▶ _The problem_:
Print exactly the lines of the listing below from the one containing "Vivienne Hu Spring/Summer" through the final line, both included, and no pictures.

═════ Data shown ═════

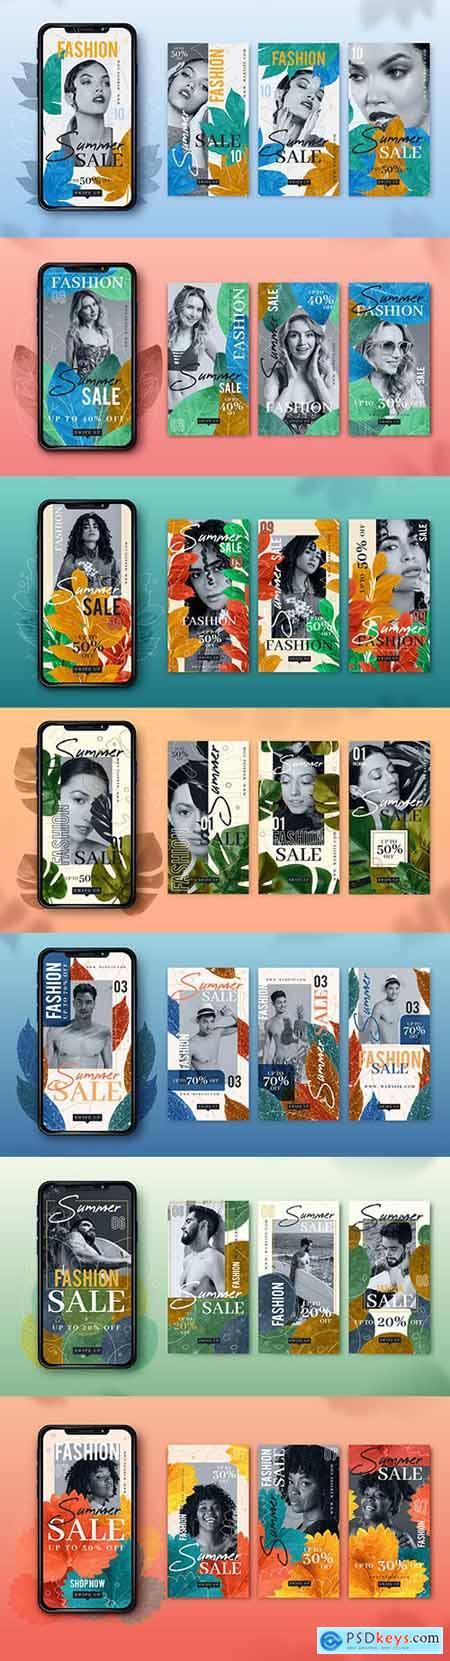 Fashion summer sale post on Instagram smartphone design
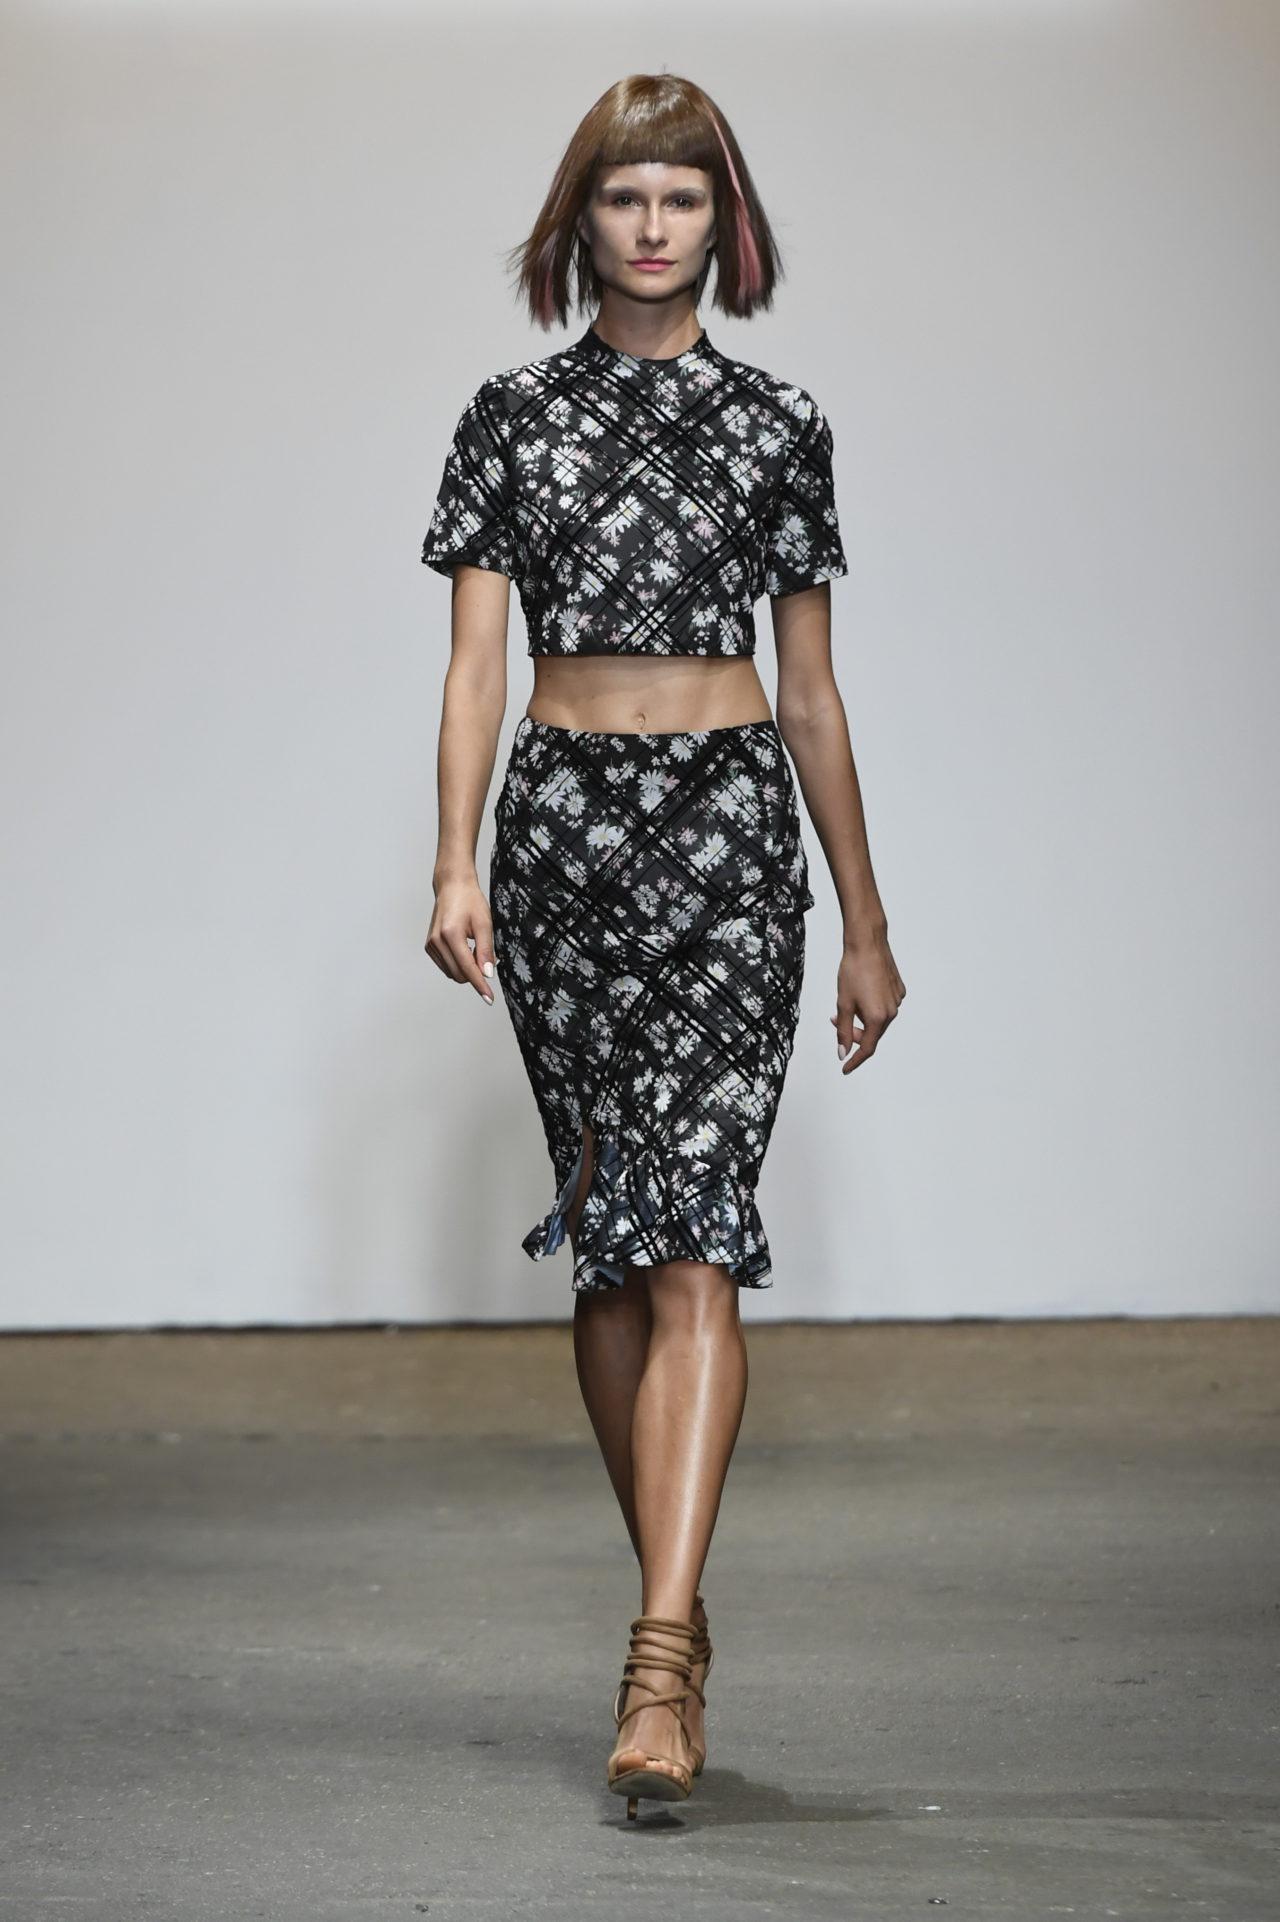 Vivienne Hu Spring/Summer 2017 New York Fashion Week Runway Show
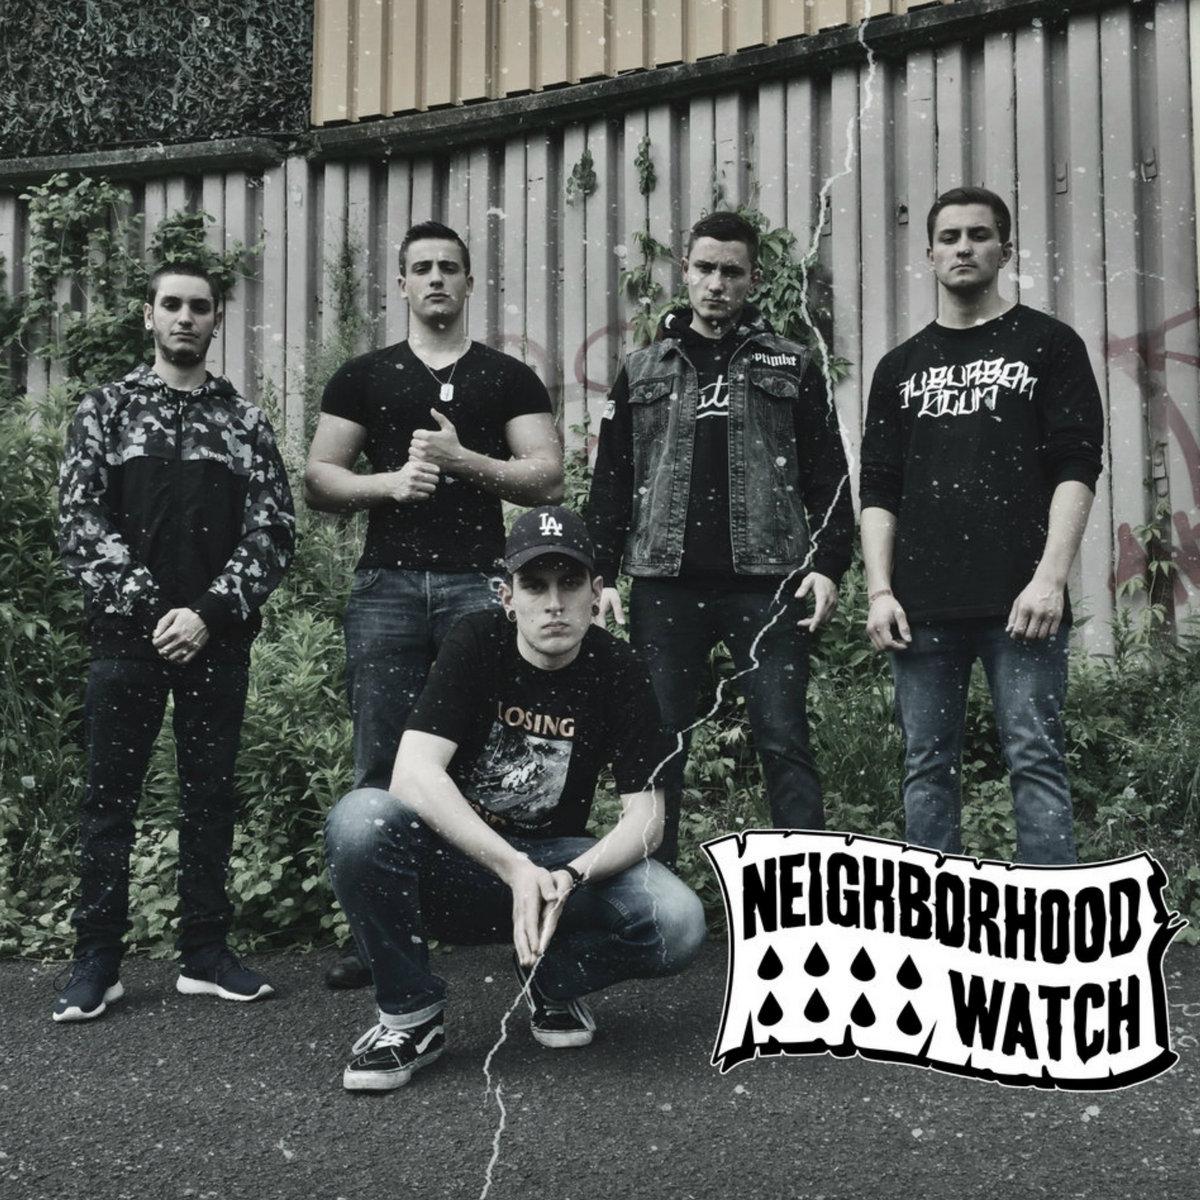 Neighbourhood Watch   Neighbourhood Watch in Wycombe District
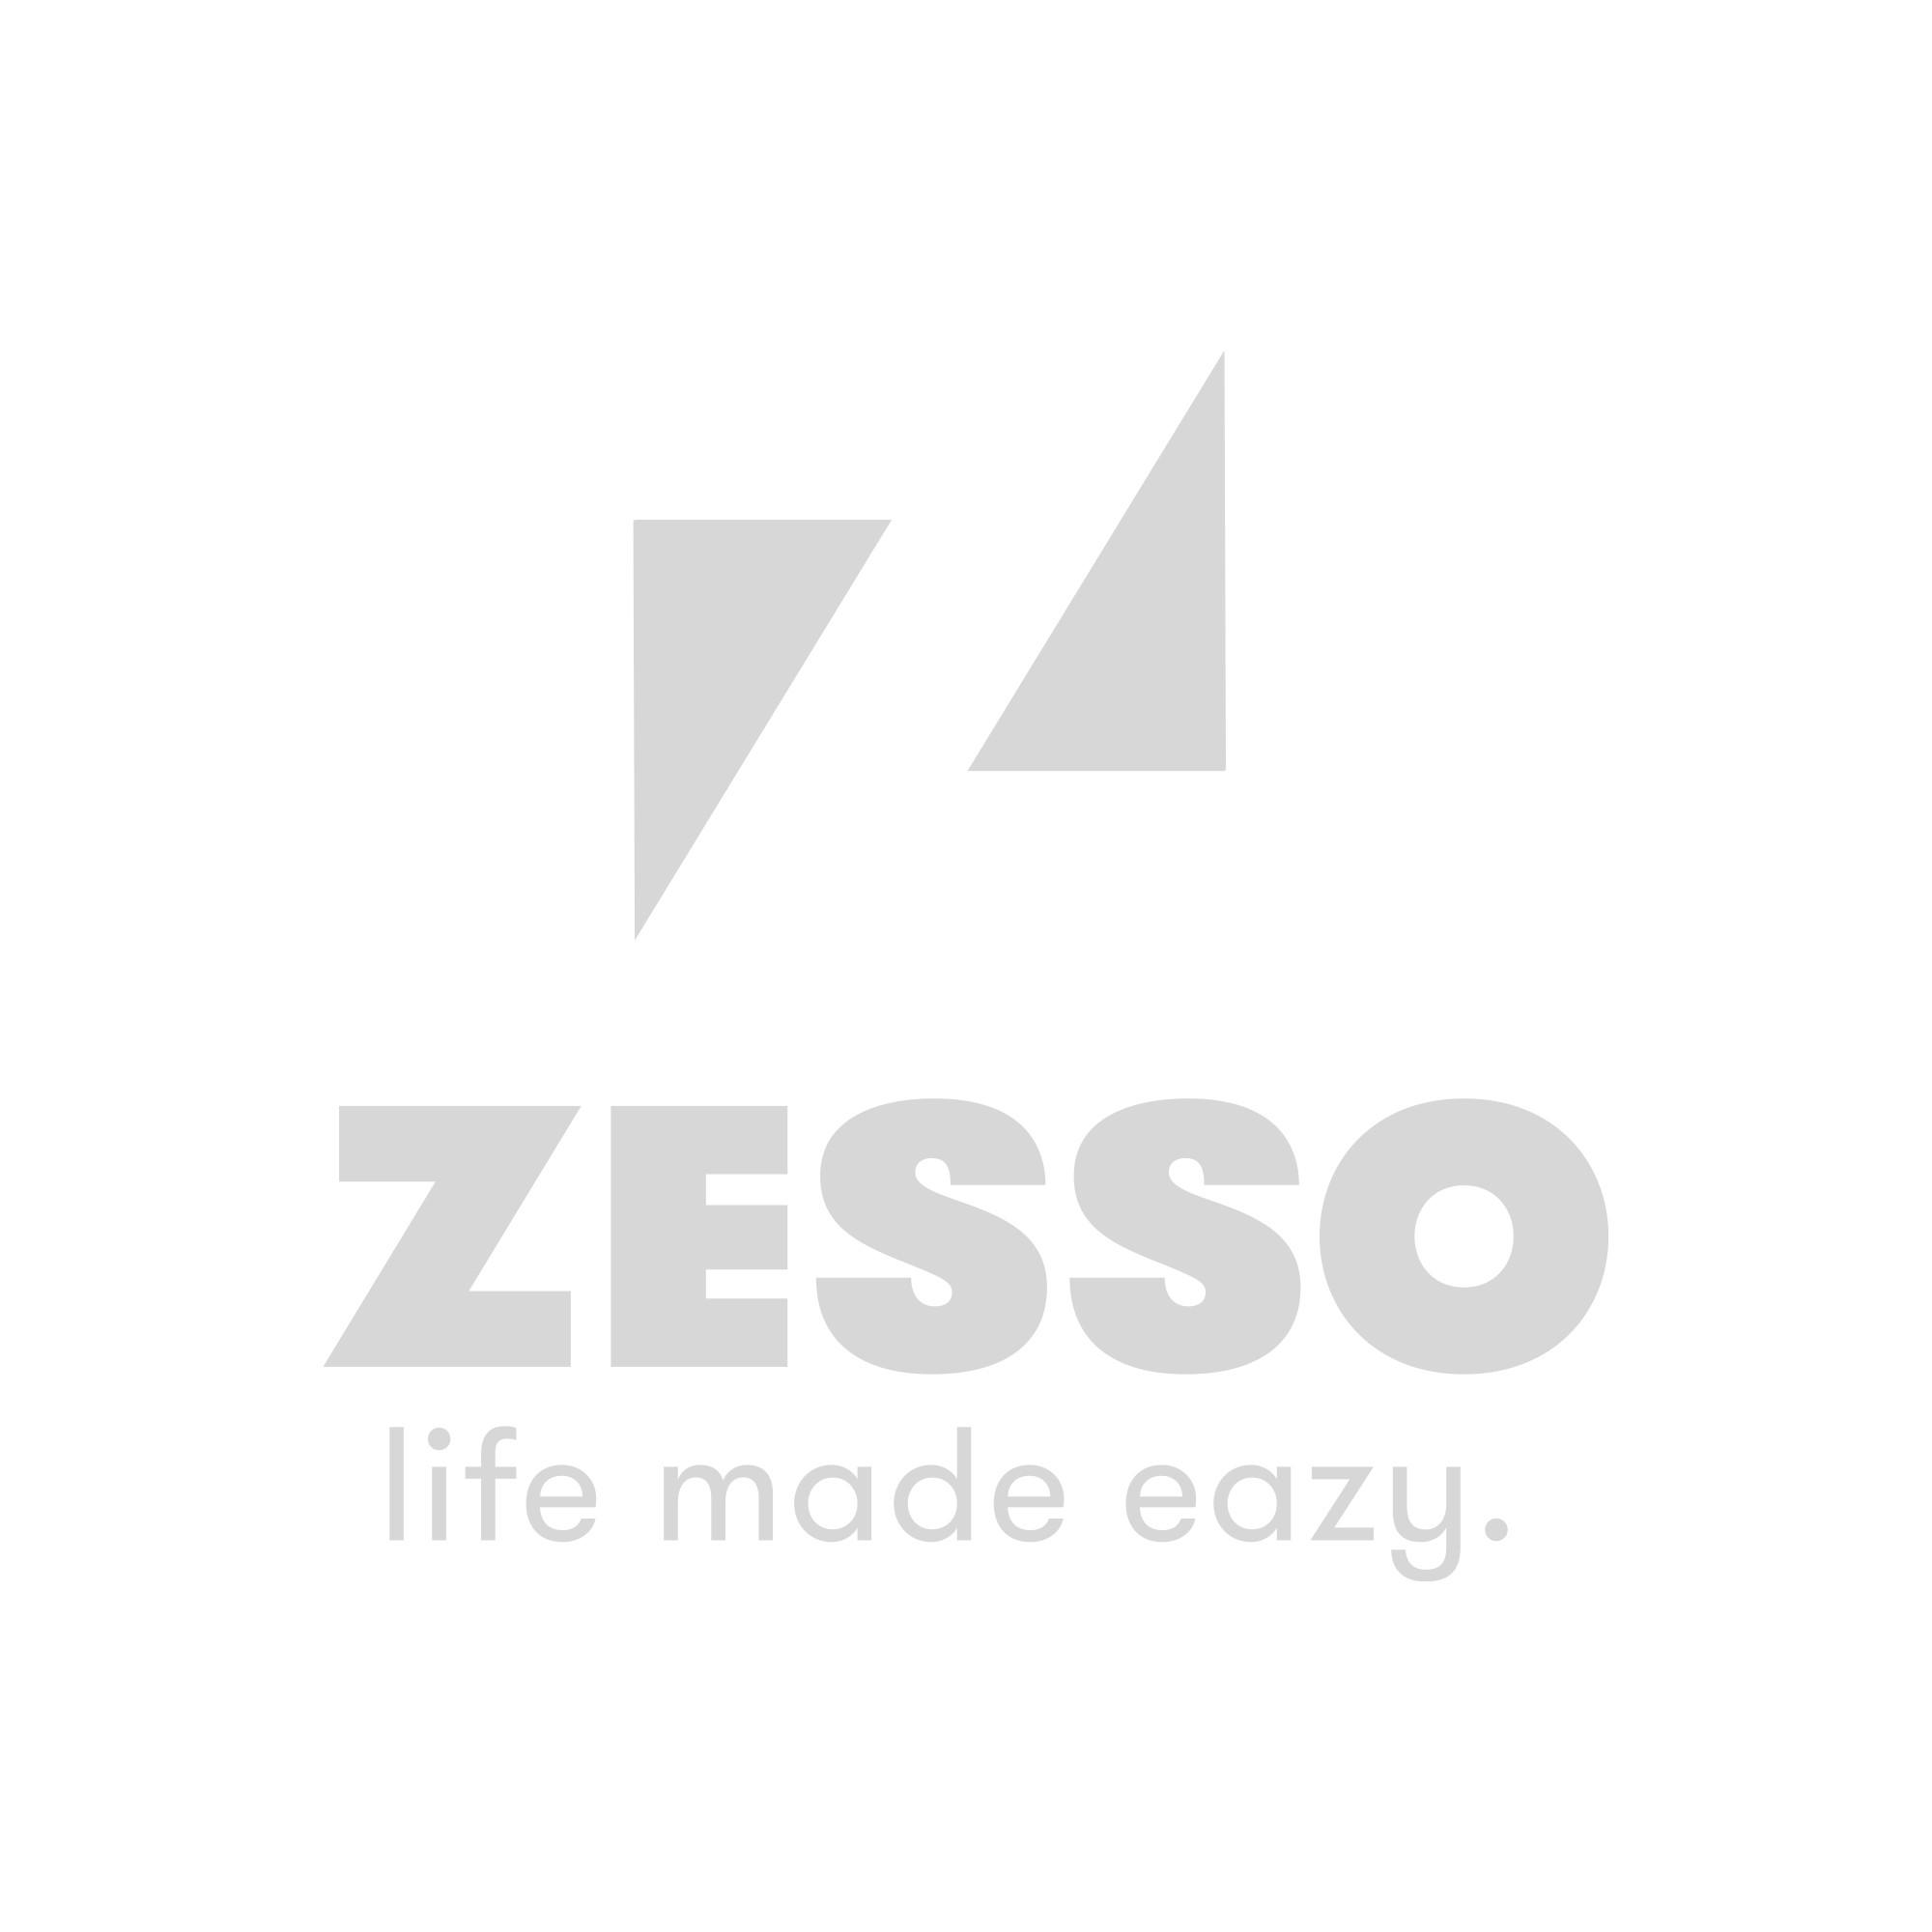 Finder Tools Ratchet & Embouts De Vissage Set 38 Pcs

═════

▶ _Response_:
 Vivienne Hu Spring/Summer 2017 New York Fashion Week Runway Show
 Neighbourhood Watch   Neighbourhood Watch in Wycombe District
 Finder Tools Ratchet & Embouts De Vissage Set 38 Pcs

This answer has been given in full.